Here’s How My Brooklyn Brownstone Made Me Fall In Love With NYC All Over Again
I’ve lived in New York City for nearly 20 years, and in the last decade or so, I’ve called some of its coolest neighborhoods home: Long Island City, the Financial District, and TriBeCa. My partner is a real estate broker, so he has insider knowledge and access that made it easier for us to find awesome places we could afford. In NYC, you basically have to make a blood oath to find a place to rent.
Our apartments in those three neighborhoods were nice, but they were mostly cookie-cutter units where the same layout repeated on every floor. Think boxy rooms, lots of white and shiny finishes, and clean lines. I’d be remiss not to mention that it’s a privilege to live in these types of addresses, but I also started to wonder how and why the soul of architecture got lost along the way. Some of these buildings’ communal spaces have libraries chock full of — wait for it — fake books designed to fit into a color scheme. As a professional writer, this kills me inside.
My partner and I realized we longed for a home with more charm and quirks. Something that felt intimate and unique, something less anonymous. We yearned for a community we could participate in and give back to in some small way.
As a kid who moved a lot and lived for a few years in foster care, I didn’t realize just how important the concept of home was to me until recently. As renters, no space is truly your own, so a home ought to give you some sense of belonging. I wanted an apartment with character, original floors, and details that would never be replicated in NYC’s modern units. I believe that a home is not only what you make of it but what has been brought to it over the years.
Our search for historical context brought us to our brownstone in Crown Heights, Brooklyn, a neighborhood I lived in years ago during college. The area has seen a lot of change, both good and complicated, but still has tons of diversity and personality.
The brownstone is an NYC staple, especially in Brooklyn (although they’re not entirely made of brownstone, as it were, according to StreetEasy. ) In the 19th century, the Industrial Revolution brought this material and vision to the forefront of construction, and its namesake home symbolized upward mobility.
These properties are unique in that they’re often outfitted with gorgeous long windows and ornate entryways at the top of tall stoops sometimes flanked by wrought-iron railings.

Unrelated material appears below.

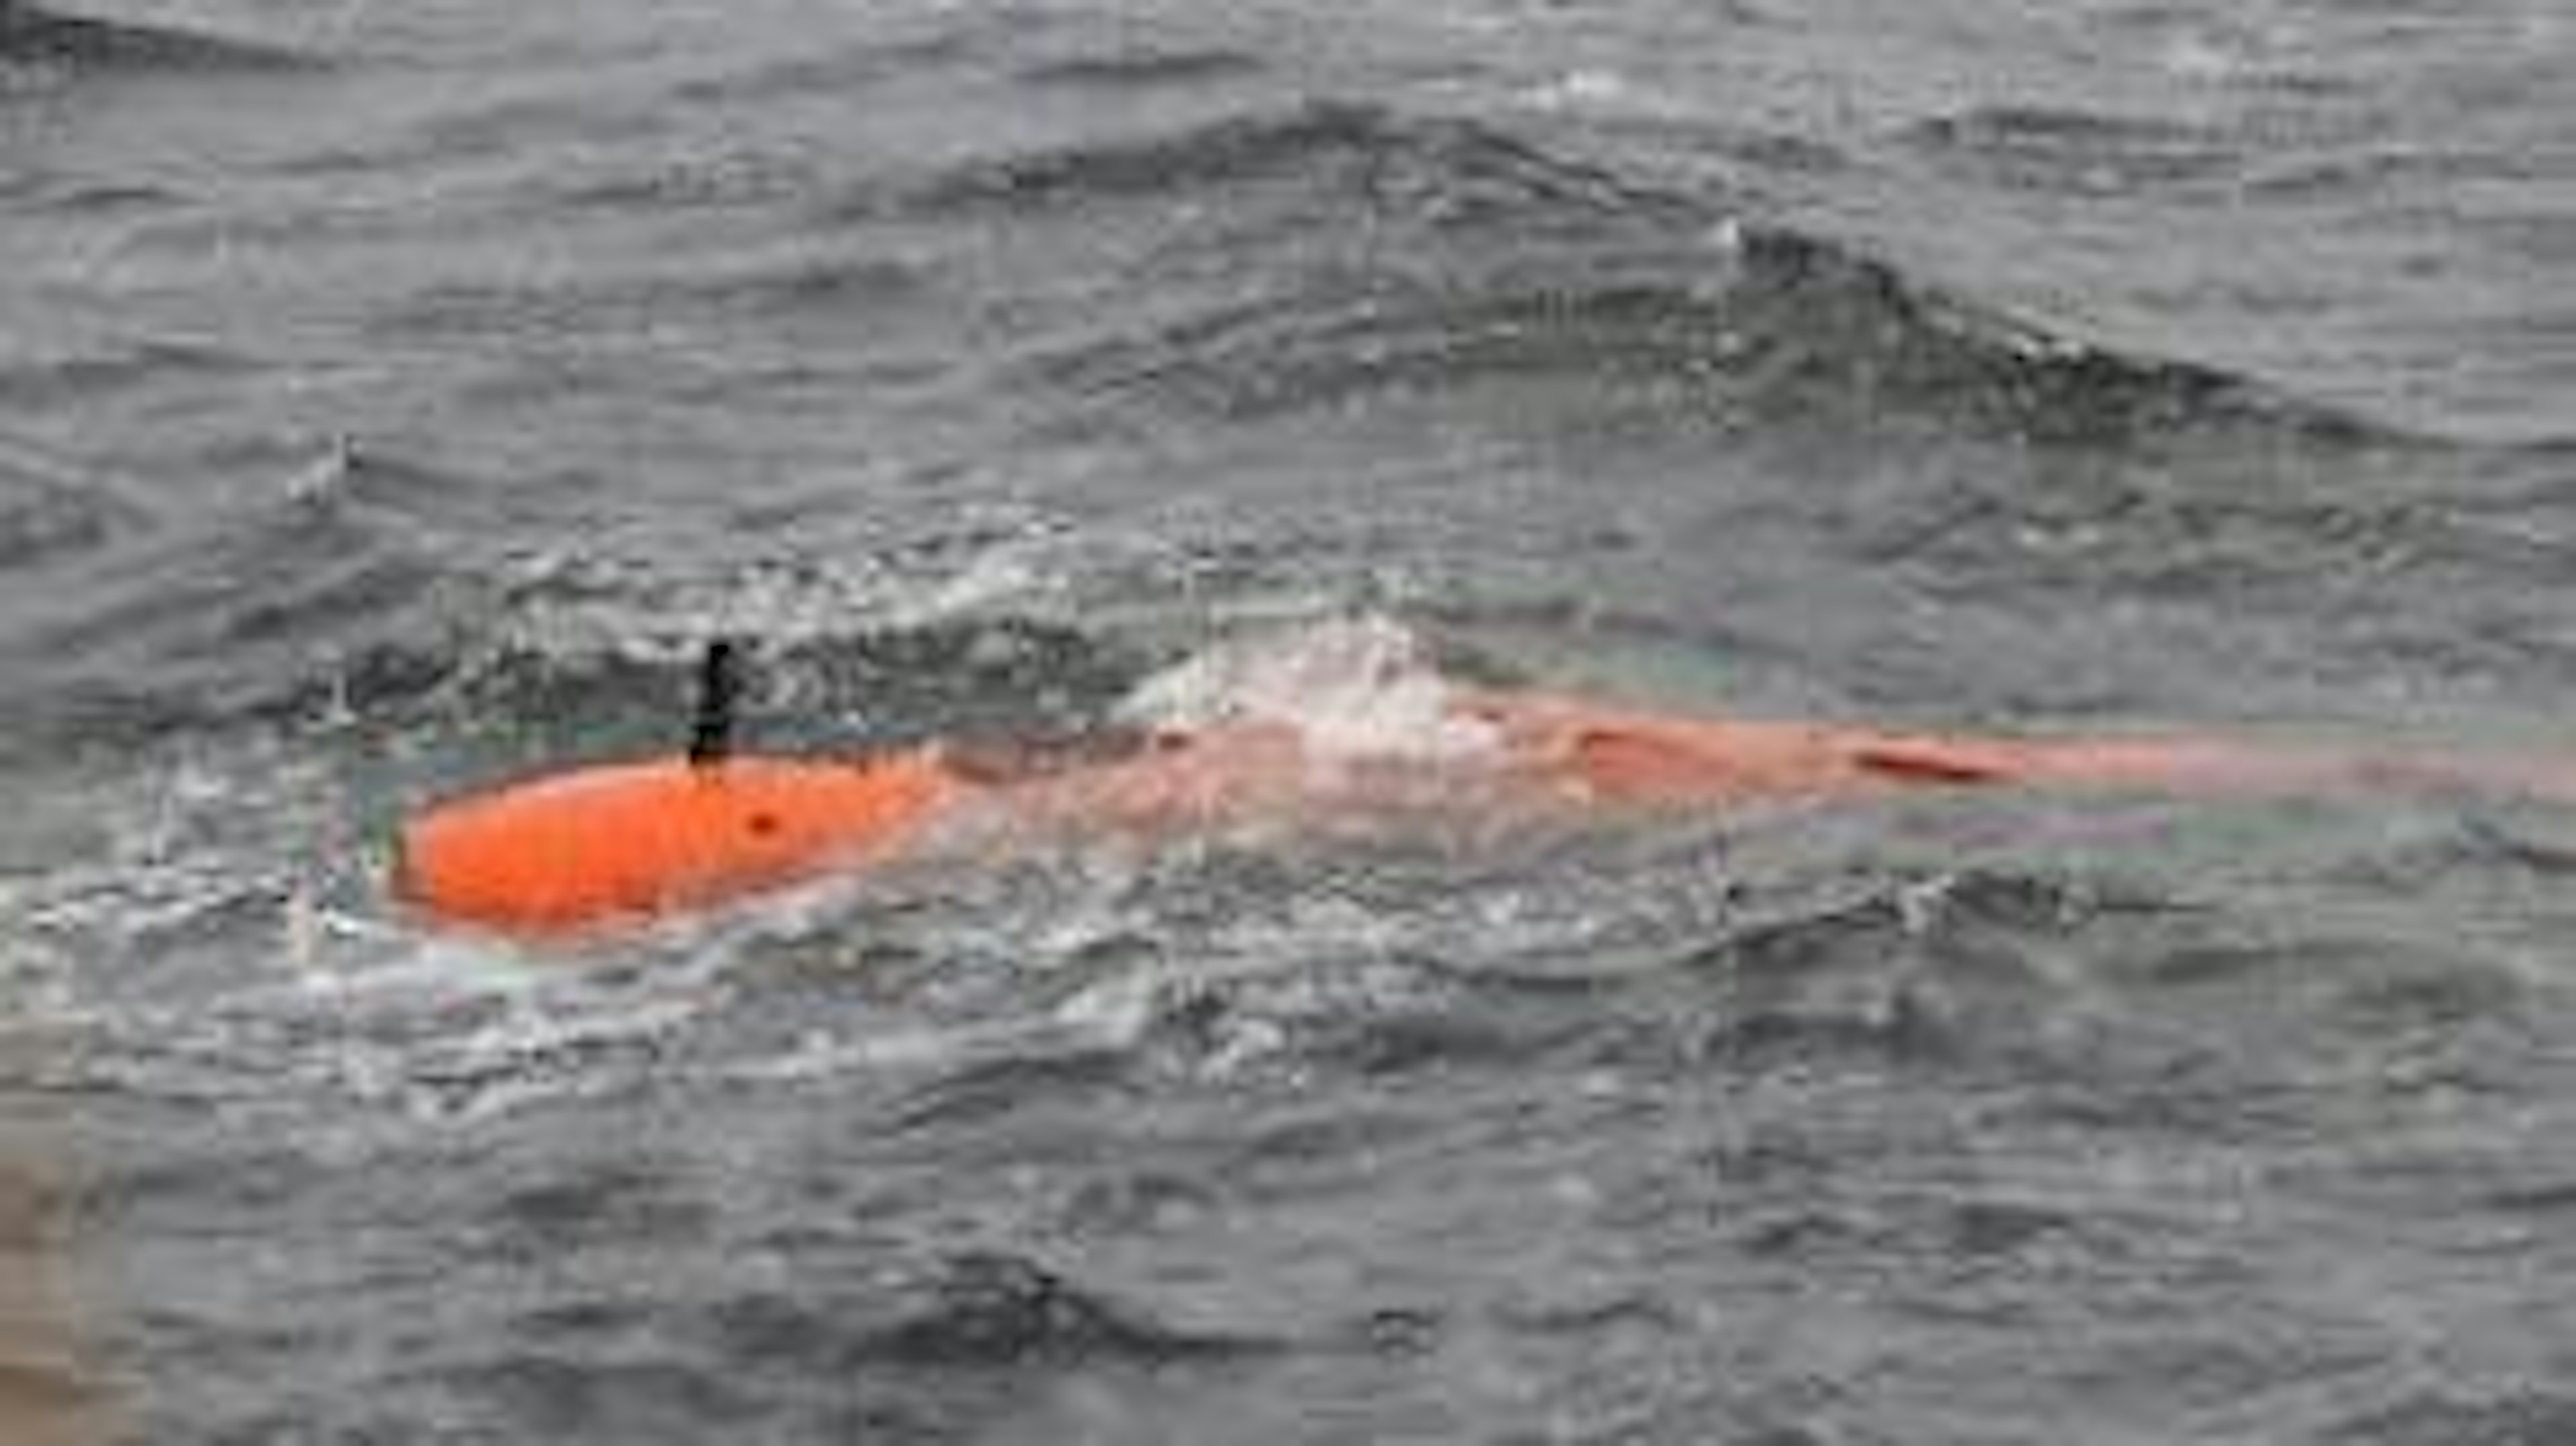 Undervattensfarkosten Ran som har försvunnit under Antarktis isar.

The Italianate flourishes on the windows and along the walls were modeled after the Italian palazzo, or palace, and are full of elegance and a sense of bravado. Walking up the stoop into a brownstone always feels like an experience, since each one is slightly different.
I fell in love with our new apartment immediately. It has a railroad-style layout with glorious mantelpieces nestled in between Italianate columns, crown molding, Victorian pier mirrors, and original hardwood floors. I even loved its slanted ceilings, crooked doorways, and strange layout.
Two sets of bay windows adorn either end of the living room and bedroom, drenching the whole place in bright, soft light. One set looks out to a quiet garden where my neighbors’ calico cat always naps under the cream-colored rose bushes. The other looks out to the street, where the rush of traffic makes me feel like we’re enveloped in the city. For us, it feels like home.
I daydream about the inhabitants who came before me, lighting fires at the now-defunct fireplaces. I picture how they must’ve styled their mantels. I envision afternoon teas and poised dinner parties as the street hums in the background.
I now have a sense of home that I haven’t had in NYC before. Living in this space, I feel like I am a part of this city’s history, or at the very least, a custodian of it. As a contemporary New Yorker stringing a WiFi cable through these crooked little rooms, I’m reminded of how past and present collide in this space of perpetual grandeur.